Конечно, для многих людей на Западе Украина ‒ страна, которая очень далеко, о которой они не много знают. Но спросите себя: много ли вы знаете о португальской политике? Знаете ли вы, что происходит внутри Норвегии? Я имею в виду, не ждите слишком многого. Но, учитывая ситуацию, обстоятельства, Украине уделяют много внимания.
‒ Почему я спросила об этом. В течение этих четырех лет США всегда казались более консолидированными и конкретными в своей реакции на действия России в Украине. В течение последнего года риторика Администрации президента США Трампа по России достаточно мягкая. Это порой вызывает обеспокоенность. То есть мы одновременно имеем и назначение специального представителя Курта Волкера, и заявления президента США Трампа, который якобы хочет более тесных и лучших отношений с Россией. Это какая-то политическая игра?

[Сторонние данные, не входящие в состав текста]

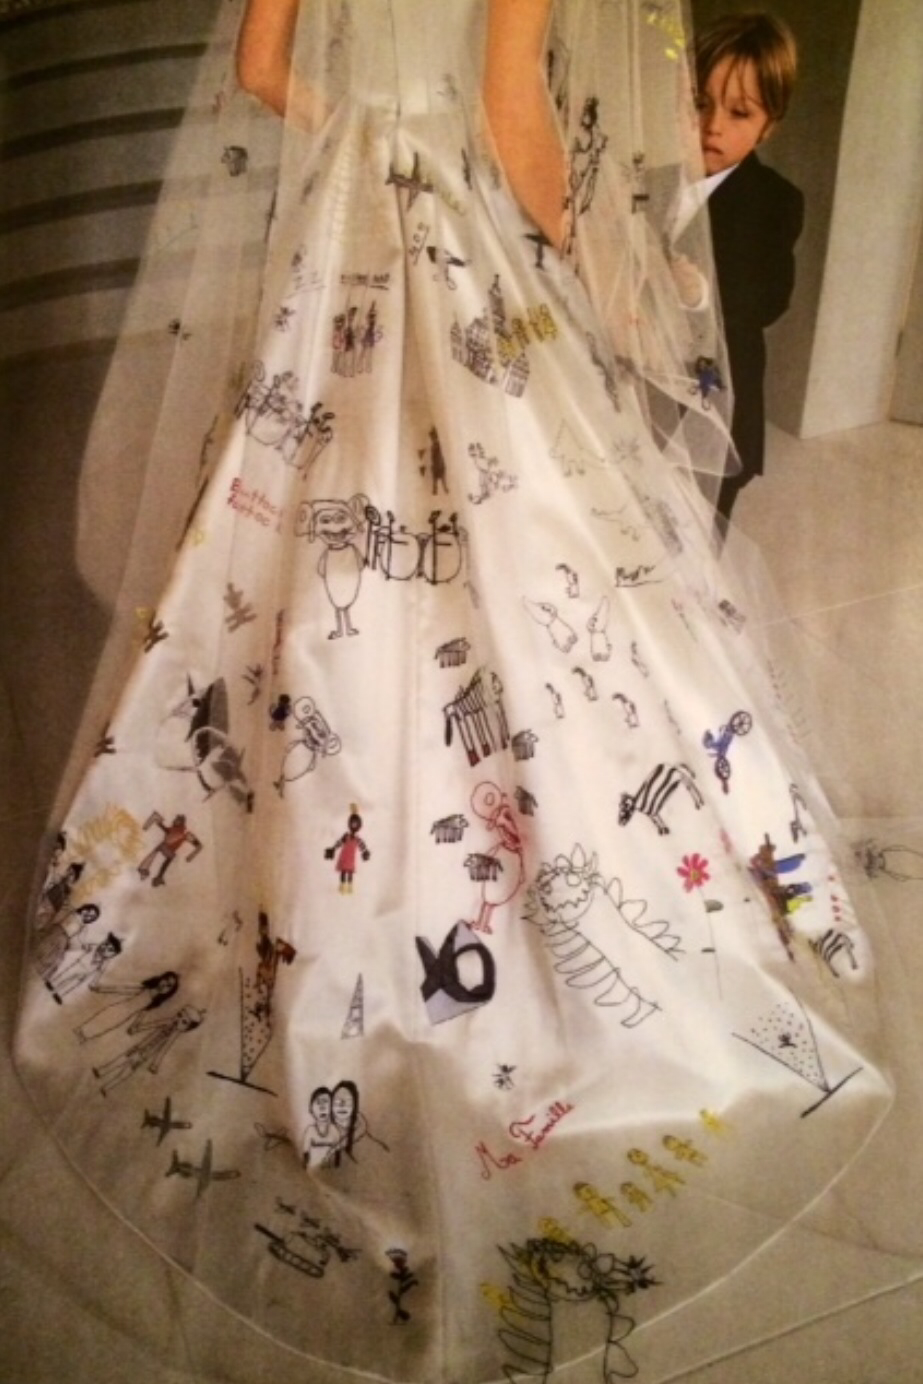 Drawn wedding dress angelina jolie #3

Your browser doesn’t support HTML5
‒ Нет. Думаю, то, что вы видите ‒ это политический хаос. Не думаю, что это ‒ умная игра, которую кто-то планировал. Боюсь, мы впервые за очень долгое время имеем президента, чью политику и взгляды отражает даже не вся его администрация, глубокие разногласия между Государственным департаментом и Белым домом. И, кстати, Пентагоном. Мы также имеем очень и очень неискушенный Белый дом ‒ такой ситуации мы давно не имели, чтобы в Белом доме не могли использовать свои полномочия для создания какой-то политики. То, что вы случайно получаете различные сигналы от различных спикеров ‒ такое бывало в американском правительстве, которое является большим и где работает очень много разных людей. Но при этой администрации дела обстоят хуже, чем при предыдущих.
У Украины в Вашингтоне много друзей. У нее есть друзья в Конгрессе, в Государственном департаменте, вы имеете друзей среди интеллектуалов ‒ людей, которые пишут и говорят на темы международной политики. Есть также люди, которые задают вопросы об отношениях между США и Украиной, и это нормально. Но то, что во многом есть несоответствие ‒ нет, здесь нет какого-то глубокого основания. Просто речь идет об администрации, которая пока не знает наверняка, чего она хочет.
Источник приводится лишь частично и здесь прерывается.